Легкий бриз из открытого окна распахнул муслиновые занавески, по комнате пробежал ветерок.
– Что с домом в Хюэ? – спросила Николь. – Выставлен на продажу?
– Папа нанял человека, чтобы следить за продажей. Он будет жить в доме.
– Что ж, я очень хочу сделать магазин прибыльным.
– Рада этому.
– А ты знаешь что-нибудь про покушение в бамбуковой роще? – вдруг спросила Николь.
Сильвия кивнула:
– И вероятно, покушения будут еще. Правда, решись Вьетминь выступить всерьез, уже были бы жертвы.
* * *Той ночью Николь опять не могла уснуть. Она открыла ставни и смело посмотрела в темноту, ожидая увидеть призраков. Стояла полная луна, но в саду царила умиротворенность, каждый листик и каждая травинка светились серебром. Воздух был пропитан густыми лесными ароматами, сладкими, как сироп. Николь вспомнила слова парня у магазина. «Вскоре я тебе понадоблюсь». Что за ерунду он говорил? Никто не верил, что они проиграют Вьетминю – французская армия численностью значительно превосходила повстанцев, все это твердили. Но в голове не затихал голос – а что, если все ошибались? Николь слышала, как отец обсуждал подпольную сеть в порту Хайфона. Дорога от Хюэ до Ханоя – пятьсот семьдесят километров, а Хайфон находился менее чем в ста километрах от них. Что, если Вьетминь уже в Ханое и их больше, чем все думают? «Ând`ên oán tra» – «Око за око, зуб за зуб». Что, если знакомый им мир вскоре изменится до неузнаваемости? Николь тряхнула головой. Как бы она ни жаловалась на отца и Сильвию, терять их ей вовсе не хотелось. И если случится самое страшное, кто позаботится о магазинчике шелка и молоденькой девушке смешанных кровей, со смелыми мечтами об успехе и любви?
Глава 8
Скворчала еда на плите, аппетитный пар наполнял воздух. Лиза громко подпевала старой французской песне по радио. Николь смотрела в кухонное окно. После прогулки на озере прошло несколько дней, но от Марка вестей не было. Наступал жаркий влажный сезон, солнце скрылось за облаками. Однако от вида буханки хлеба с золотистой корочкой все казалось светлее. Николь ковыряла кожицу вокруг ногтей и наблюдала за Лизой. Кухарка смолкла, чуть раскачиваясь и нарезая ароматный красный перец.

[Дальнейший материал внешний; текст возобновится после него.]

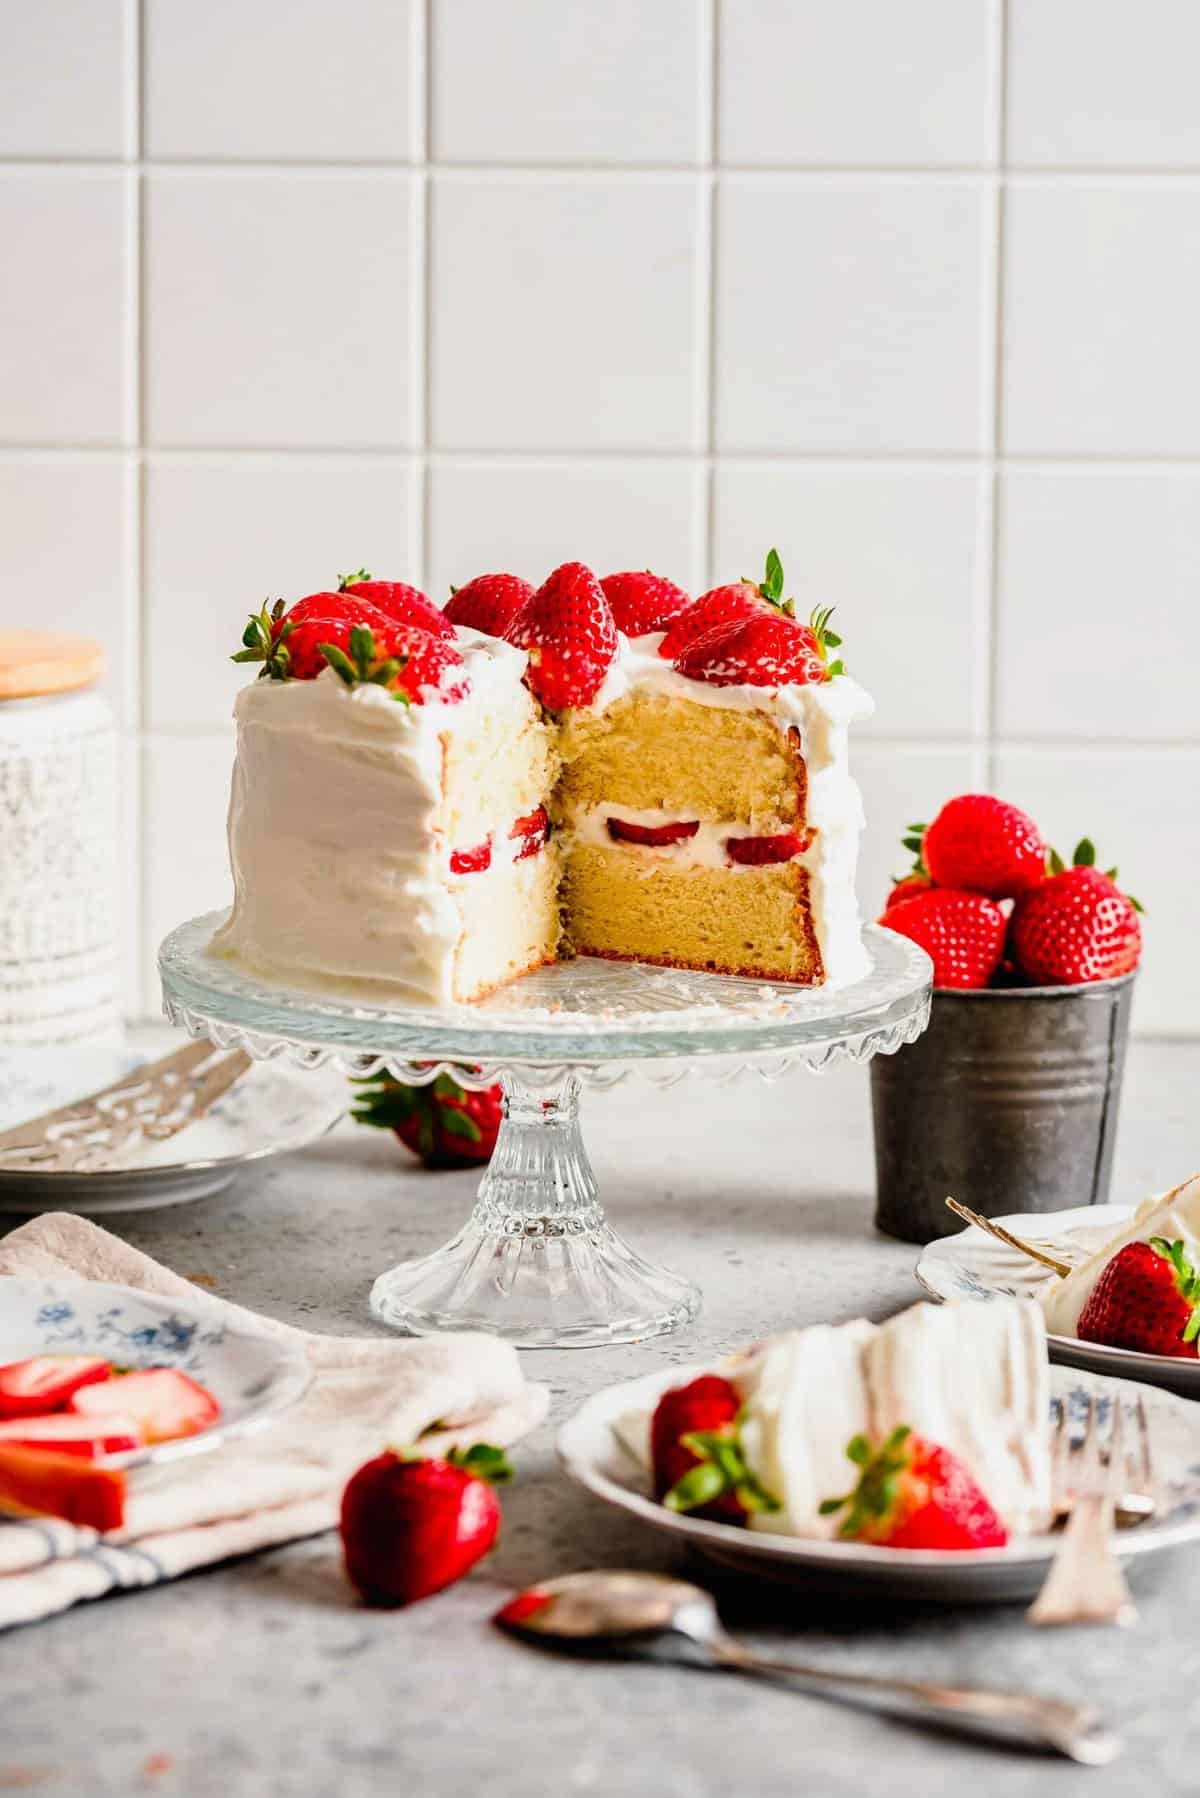 Strawberry sponge cake on cake stand with slices removed to show inside

– Ты закрыла глаза? – спросила Николь.
– Думаешь, я могу резать с закрытыми глазами?
– Что ж, иногда в супе плавает что-то странное.
– Дерзкая девчонка! – Лиза кинула в нее полотенцем для посуды.
Николь пригнулась, потом снова вернулась к ногтям.
– Что у нас сегодня на обед?
– Кролик. Я сама его поймала. А почему ты еще не открыла магазин?
Николь пожала плечами:
– Сейчас во дворе красят, а на кухне генеральная уборка. Слишком стойкий запах может отпугнуть клиентов.
В дверь черного хода постучали. Лиза открыла, и Николь увидела мальчишку, который что-то передал кухарке. Та захлопнула дверь.
– Это для тебя. И кто же отправляет эти записки, бабочка моя?
Лиза передала ей конверт и села, скручивая сигарку.
Николь увидела на конверте свое имя и тут же встала, чтобы выйти из кухни.
– Тайное послание, да? – усмехнулась Лиза.
– Верно! – засмеялась Николь.
Выйдя в холл, она разорвала конверт и сперва глянула на подпись. Марк. Николь с радостью прочла о его предложении встретиться в «Ле Варьете» в четыре часа дня. «Это того стоит», – написал он. Она восторженно вскрикнула и побежала наверх, думая только о том, что надеть.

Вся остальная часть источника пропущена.